Reorganization of Some Data Files
The data files for UTSes that are synchronized with the Unicode Standard
have been reorganized. In particular, they can now all be found under
https://www.unicode.org/Public/draft/ for beta review. For the Unicode
release, each collection of data files for a UTS will be located under
the main versioned directory: https://www.unicode.org/Public/17.0.0/,
inside subdirectories at that level, instead of subdirectories directly
under /Public. No data files for prior releases will be moved, but
implementers should be aware that starting from Version 17.0.0, the
data files for collation, security, IDNA, and emoji will be posted
in their new locations.
General Issues
For current proposed updates to the particular UAXes, see
Proposed Updates for Standard Annexes
or use the links near the top of this page.

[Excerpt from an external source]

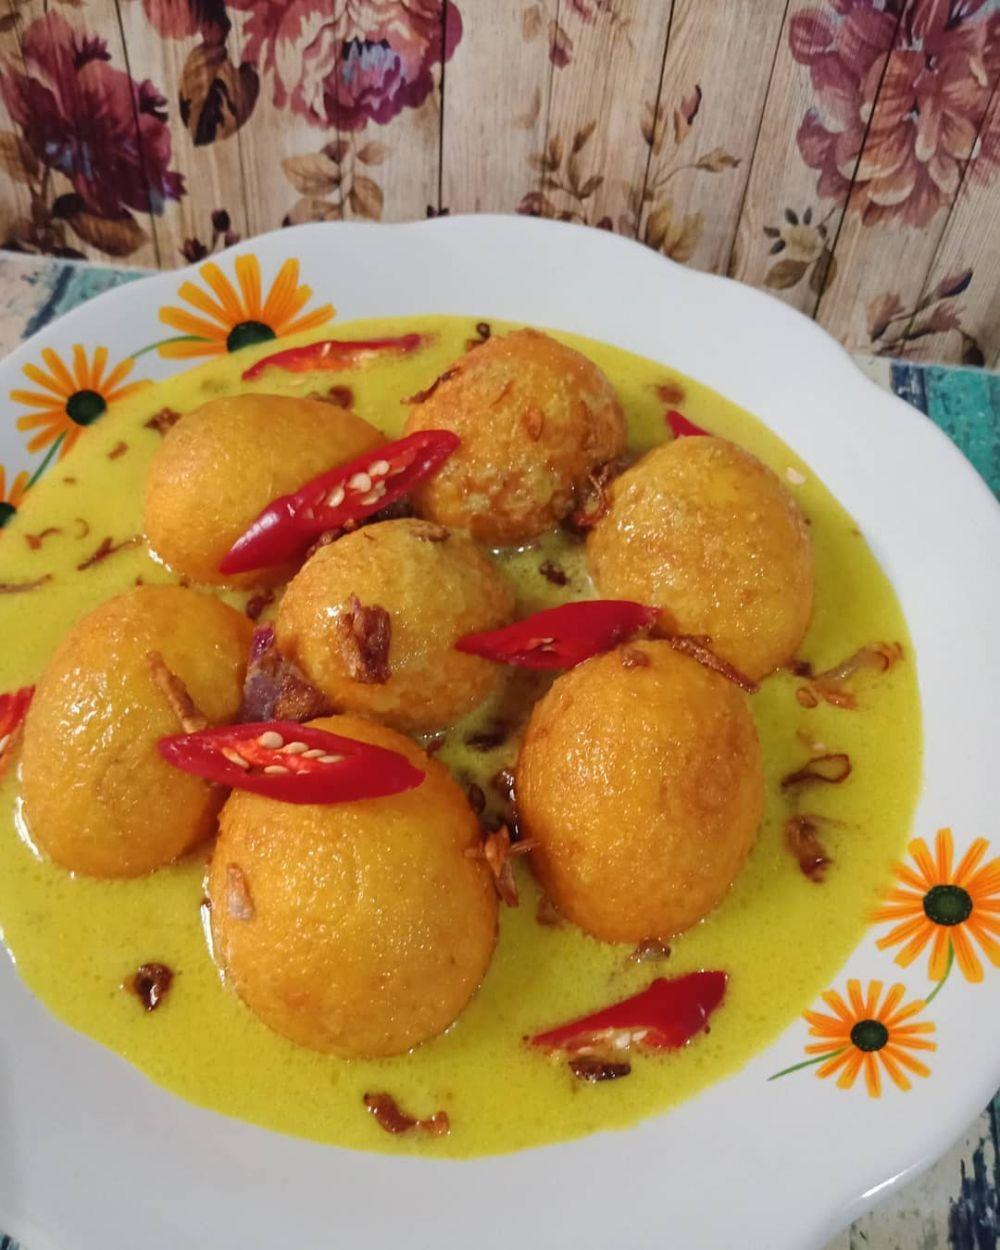 resep telur kuah kuning © Instagram

Particular issues in the UAXes may also be the focus of specific
Public Review Issues.
Each proposed textual change in a UAX is highlighted, so that you can focus
your review on those sections if you have limited time. The changes
are also listed in detail in the Modifications sections (linked from the table
of contents of each document), and are summarized in
UAX changes,
so you can check on those areas that might be of most
interest.
Some links between beta documents and the proposed
updates for UAXes will not work correctly during the
beta review period. This is a known problem which does
not need to be reported, as such links point to
the eventual final names or revision numbers for the
released versions.
Stability
Certain character properties for newly assigned characters cannot be
changed after the formal release of each version of the standard, because of the
Character Encoding Stability Policy.
Such character property values need special attention during the beta review process, as they
cannot be corrected after publication. These include:
- Any property affecting Unicode Normalization, including Decomposition_Mapping, Canonical_Combining_Class, and Composition_Exclusion.
- The determination of whether a character is included in identifiers (XID_Start, XID_Continue).
- Case foldings.
- There are also strong constraints on additions and changes to case mappings.